Frequently, meteors can be observed in the night sky as shooting stars, burning farther up in the atmosphere. They tend to be about a millimeter in diameter and arrive at much higher speeds, attracting far less attention than Tuesday’s event.
“The faster you move, the more energy you dump in the atmosphere, which heats you up more and the less you survive,” Cooke said.
The meteor was a super bolide, meaning its brightness was between the full moon and the sun. Events such as this occur one to two times per month on this planet.
“Not so rare for Earth,” Cooke said. “Very rare for Michigan, because it’s only a small area.”

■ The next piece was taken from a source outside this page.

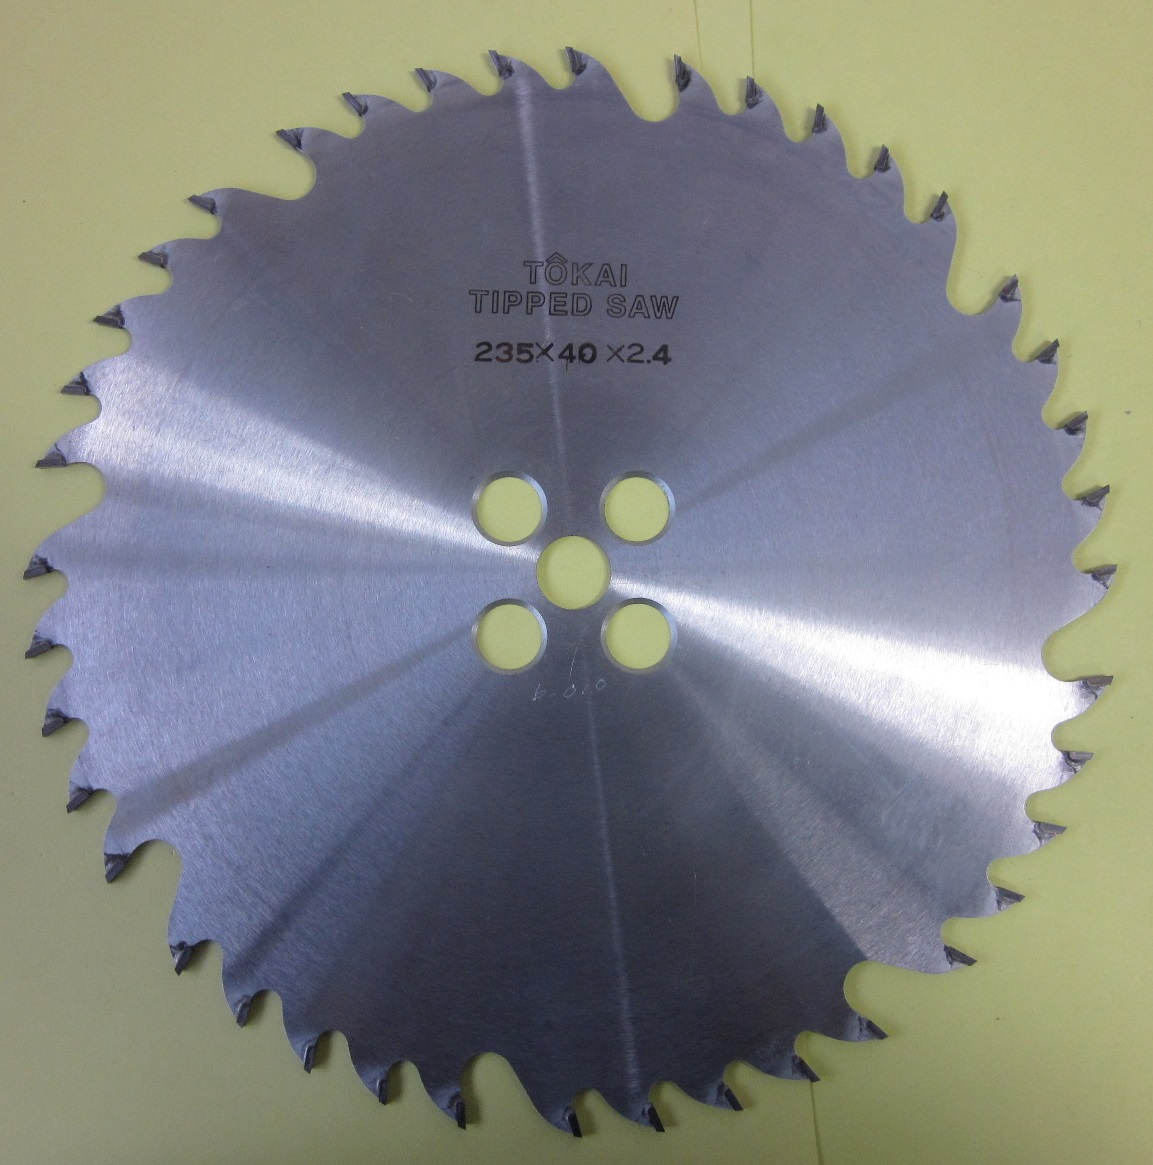 遠州丸鋸 木工用 ホゾ取りタテ235x40Px2.4mmx16mm マキタ用

It was a piece of an asteroid, and NASA is investigating where in space it came from. If meteorites are found on the ground, cosmic-ray exposure can be used to determine their age.
The meteor caused a 2.0 magnitude earthquake, the United States Geological Survey reported on its website. People reported their windows and houses shaking as the meteor arrived.
The meteor broke up about 20 miles over the Earth, causing a shower of space rocks perhaps 1-2 ounces in size.
“Material falling was picked up by a doppler weather radar,” Cook said, adding that meteorites could be spread over 2½ miles a bit west of the Hamburg Township area, Cooke said.
If they land on your property, they’re yours to keep. Meteorites are safe to touch, radioactivity isn’t a big concern, and they cool off on their way down.
“You can pick up a meteorite right after it lands,” Cooke said. “Meteorites are not smoking hunks of rock.”
They may look like Earth’s rocks, but with signs of burning. If you think you’ve found one, you can use this self-test checklist and perhaps submit it for testing at one of these locations.
According to hundreds of eyewitness reports and as evidenced by surveillance cams, a massive, blue-green fireball shot through the Midwestern night sky Feb. 5,2017 and was projected to have landed in northern Lake Michigan.
The American Meteor Society at the time received more than 200 reports from witnesses in Wisconsin, Illinois, Michigan, Indiana, Minnesota, Iowa, Ohio and even New York.